Why Google’s Smartest AI Takes Two Minutes to Say “Hello”

Google just released Gemini 3.1 Pro, a model that boasts the highest reasoning scores in the industry. It also took 104 seconds to respond to the word “hi” on launch day. In an era where we measure AI latency in milliseconds, Google has intentionally built a turtle that thinks it’s a genius—and for most developers, it’s currently a productivity nightmare.

| Attribute | Details |
| :— | :— |
| Difficulty | Advanced (Infrastructure & Architecture) |
| Time Required | 104 seconds to 4 hours per request |
| Tools Needed | Google Vertex AI / Gemini API, Python/Node.js |

The Why: The Death of the Instant Response

For the last two years, the AI arms race has been about speed and “vibes.” We wanted ChatGPT to finish our sentences before we stopped typing. But Gemini 3.1 Pro represents a hard pivot toward System 2 thinking—deliberate, slow, and computationally expensive reasoning.

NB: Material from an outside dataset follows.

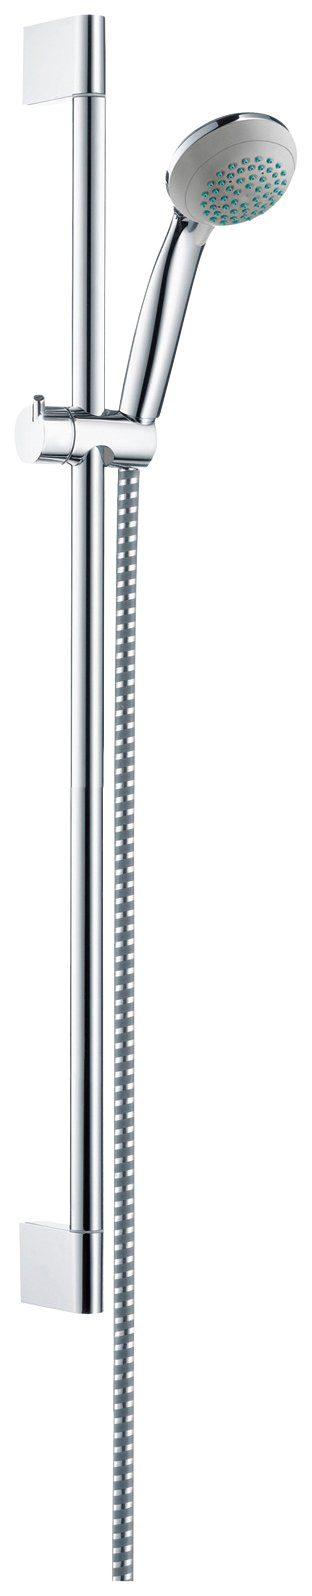 HANSGROHE Brausegarnitur »Crometta 85 Vario«
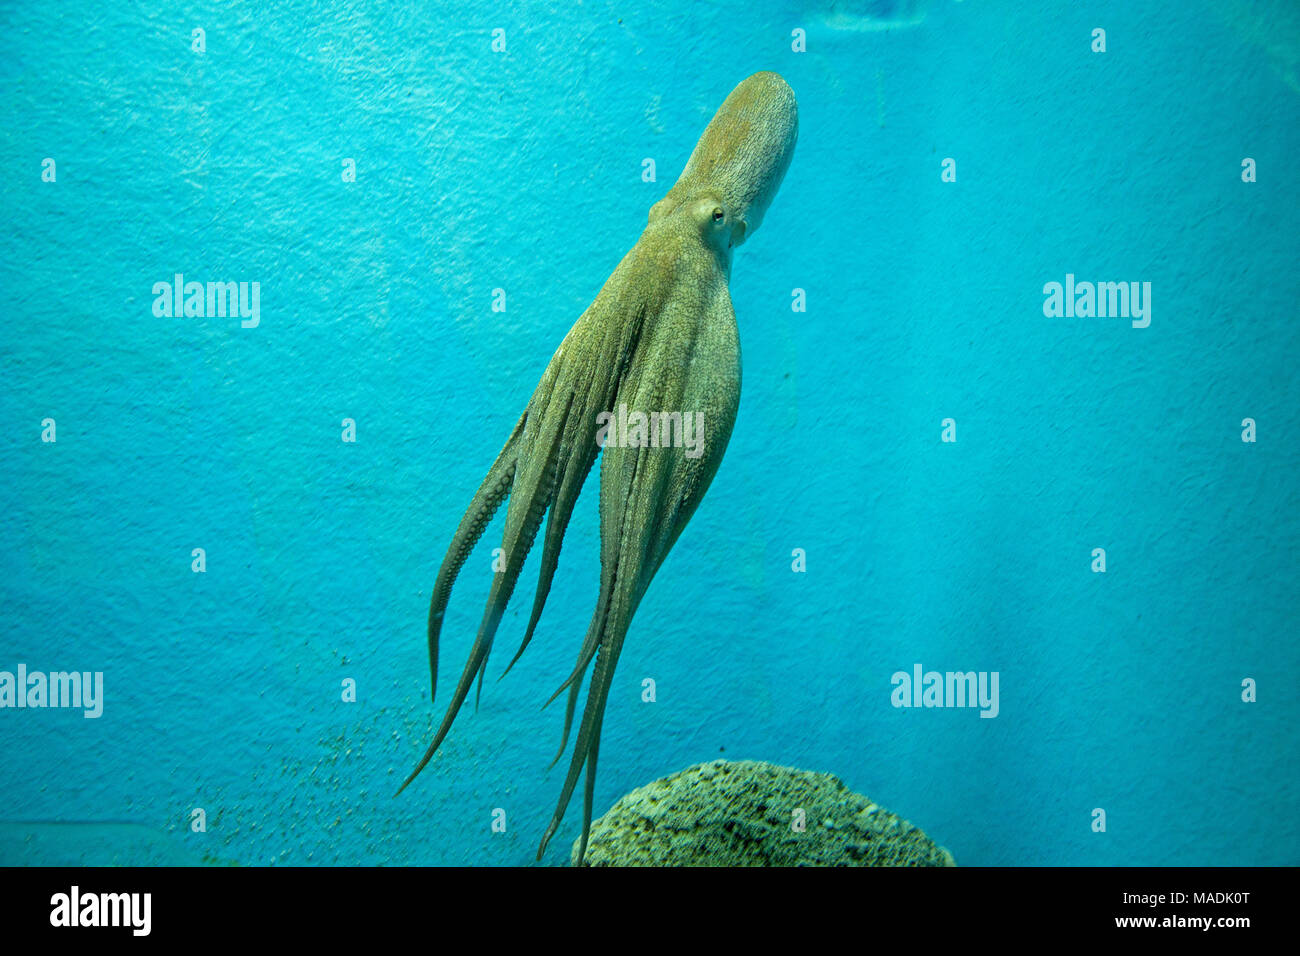 octopus at the aquarium, old town, Dubrovnik, Croatia - Stock Image

Google is chasing a metric called ARC-AGI-2, a benchmark designed to test an AI’s ability to solve novel problems it wasn’t specifically trained on. By hitting a 77.1% score, Google has technically leapfrogged OpenAI and Anthropic. The release follows Google’s January AI Blitz, where the company began transforming its ecosystem into a series of active agents. The problem? They did it by letting the model “think” in a loop for minutes—or hours—at a time. If you are building a customer-facing chatbot, this model is effectively useless. If you are solving the world’s most complex logistics problems, it might be the only tool that works.

How to Navigate the Gemini 3.1 Pro Transition

If you are a developer looking to integrate this model, you cannot treat it like a standard LLM. You have to re-architect your entire stack for asynchronous processing.

  1. Decouple the UI from the API: Never call Gemini 3.1 Pro from a synchronous front-end request. You will hit a 504 Gateway Timeout before the model even finishes its first “thought.”
  2. Implement Webhooks: Set up a job queue (like RabbitMQ or Redis). Send the prompt, give the user a “Processing” status, and wait for a webhook to push the result back.
  3. Set Extreme Timeout Limits: Standard API timeouts are usually 30–60 seconds. Early reports show Gemini 3.1 Pro tasks running for 15,459 seconds (over 4 hours) before completion. Adjust your infrastructure to keep long-running sockets open or use batch mode.
  4. Use “Small” Models for Routing: Use Gemini Flash or GPT-4o mini to determine if a query actually needs the heavy lifting of 3.1 Pro. This level of AI-driven software development requires precision routing to maintain efficiency. If someone says “hi,” don’t send it to the 104-second reasoning engine.

💡 Pro-Tip: Use the “Candidate Count” parameter sparingly. With a model this slow, requesting multiple versions of a response (n>1) can exponentially increase your “Time to First Token,” potentially doubling your already massive wait times.

The Buyer’s Perspective: Is Reasoning Worth the Wait?

Google is offering Gemini 3.1 Pro at $2 per million input tokens. That is roughly half the price of Anthropic’s Claude 4.0/Opus equivalents. On paper, Google wins the value war. This release builds upon the foundation of Google Cloud AI services already utilized by major government and enterprise sectors.

However, the “hidden tax” is the developer experience and the compute cost of idling. While the tokens are cheap, the time-to-value is abysmal. Anthropic Claude AI and OpenAI have focused on “Real-Time Directness”—they are better for coding assistants and creative writing. Google has built a “Research Specialist.”

The 1M token context window remains Google’s “killer feature,” allowing you to drop entire codebases or 1,500-page PDFs into the prompt. But be warned: combining a massive context window with “extended reasoning” creates a latency black hole that can swallow your entire afternoon.

FAQ

Q: Is the 104-second delay a bug?
A: Technically, no. It’s a byproduct of the model’s “chain-of-thought” architecture. This is the hallmark of Gemini 3 Deep Think, a model designed to prioritize accuracy over speed. It is verifying its own logic before it speaks, even for simple greetings.

Q: Can I use this for a live chat application?
A: Absolutely not. Your users will leave long before the model responds. Use Gemini 1.5 Flash for speed and 3.1 Pro for back-end data analysis.

Q: Why is the ARC-AGI-2 score so important?
A: It measures “fluid intelligence.” High scores suggest the AI can learn new tasks on the fly rather than just regurgitating patterns from its training data.

Ethical Note/Limitation: This model cannot reliably distinguish between a task that requires deep thought and a simple query, leading to massive energy and time waste for trivial interactions.